HOY SAN ANTÓN LA GALLINA PON Y HASTA SAN ANTÓN PASCUAS SON
Uno vive rodeado de refranes y de recuerdos que son refranes
tan abundantes en la lengua castellana que evidencian la sabiduría del pueblo.
Pues sí. “Si con barbas san Antón y sin ellas la Purísima concepción”, se quejaban
algunos pintores malos. El santo eremita vivió 106 años.
Picasso el tan alabado y decadente yo creo que debiera de
tener una estampa del glorioso anacoreta de la Tebaida egipcia en su taller,
aunque no fuese creyente. Para mí (no se espanten si digo una blasfemia contra
el art “Nouveau”) el malagueño es un
decadente pintamonas mamarracho. Pero así van los nuevos tiempos.
Habría que regalarle el Guernica a Donald Trump para que
tuviera el lienzo en su despacho y echase para él una mirada cuando apretara el
botón dando la orden de bombardear el mundo. Ay bendito san Antón que nos lo
pintaban los renacentistas con unas barbas que le llegaban hasta la cintura y
una calva patriarcal. Y un cochinillo a los pies que le hablaba de Dios.
Aquella España campesina que yo conocía fue muy devota de este santo ayunador y milagrero que vivió más de cien años y un cuervo le traía un panecillo en el pico hasta la cueva donde hacía penitencia.
Su norma muy apropiado a día
de hoy donde lo que más se aprecia es la longevidad era el lema siguiente:: “sustine et abstine” (persevera en la
oración y ayuna, abstente de la comida, la bebida, la lujuria, la ira y los
siete pecados capitales).
Hoy era el santo de los burros. Recuerdo un día de San Antón en mi Segovia nevada. Había caído más de una cuarta del blanco elemento y se arremolinaban en el atrio de San Millán la borriquilla del panadero, los caballos del Jurri, los loritos de la marquesa de Lozoya, los galgos y perdigueros de los cazadores y los mulos de la reata de los vinateros de san Pedro Abanto.

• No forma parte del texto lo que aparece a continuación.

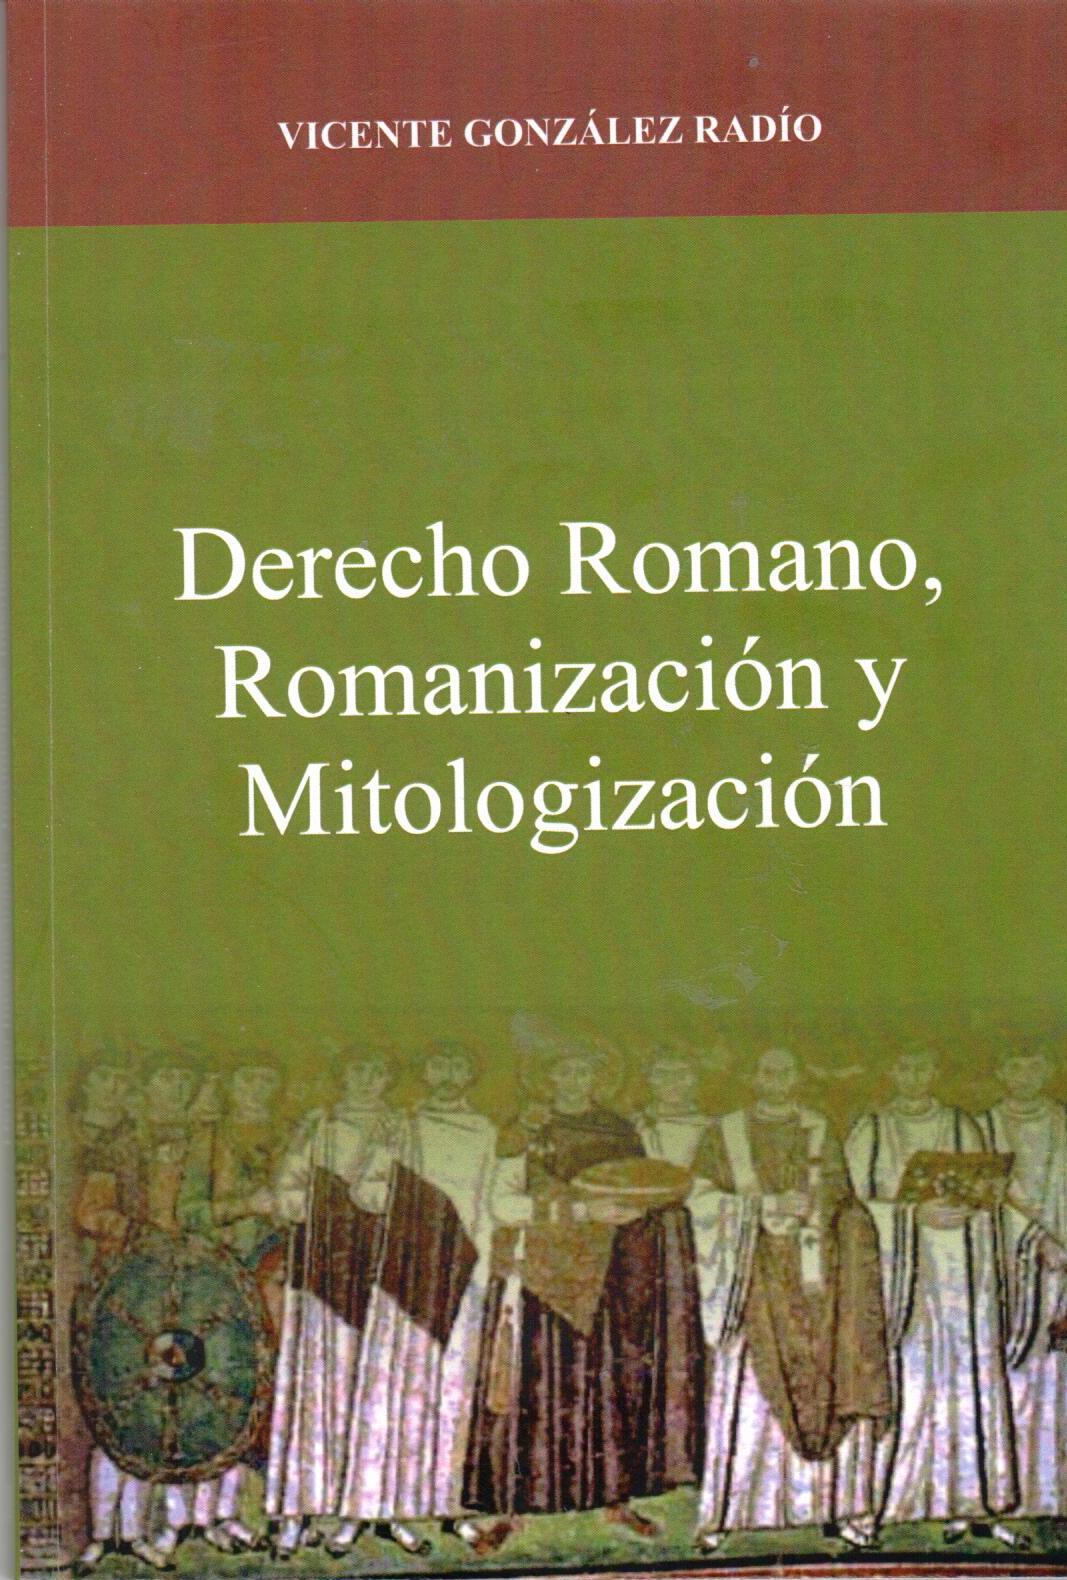 Imagen de portada del libro Derecho romano, romanización y mitologización

Salía don Benito vestido de sobrepelliz el párroco al pórtico acompañado de Nicanor el sacristán con el acetre y lanzaba con profusión el agua bendita sobre el lomo de los nobles brutos. Entonces nadie hablaba de mascotas.
Era una sociedad que amaba a los animales sí, pero sin pasarse y hacer de esos perros y esos gatos los reyes del hogar a los cuales se les profesa una devoción decadente y uno va por las calles de España y ha de tener cuidado de no pringarse con las tarjetas de visita, esas plastas y esas bostas que dejan los cánidos cuya población está aumentando en proporción aritmética en la degenerada España.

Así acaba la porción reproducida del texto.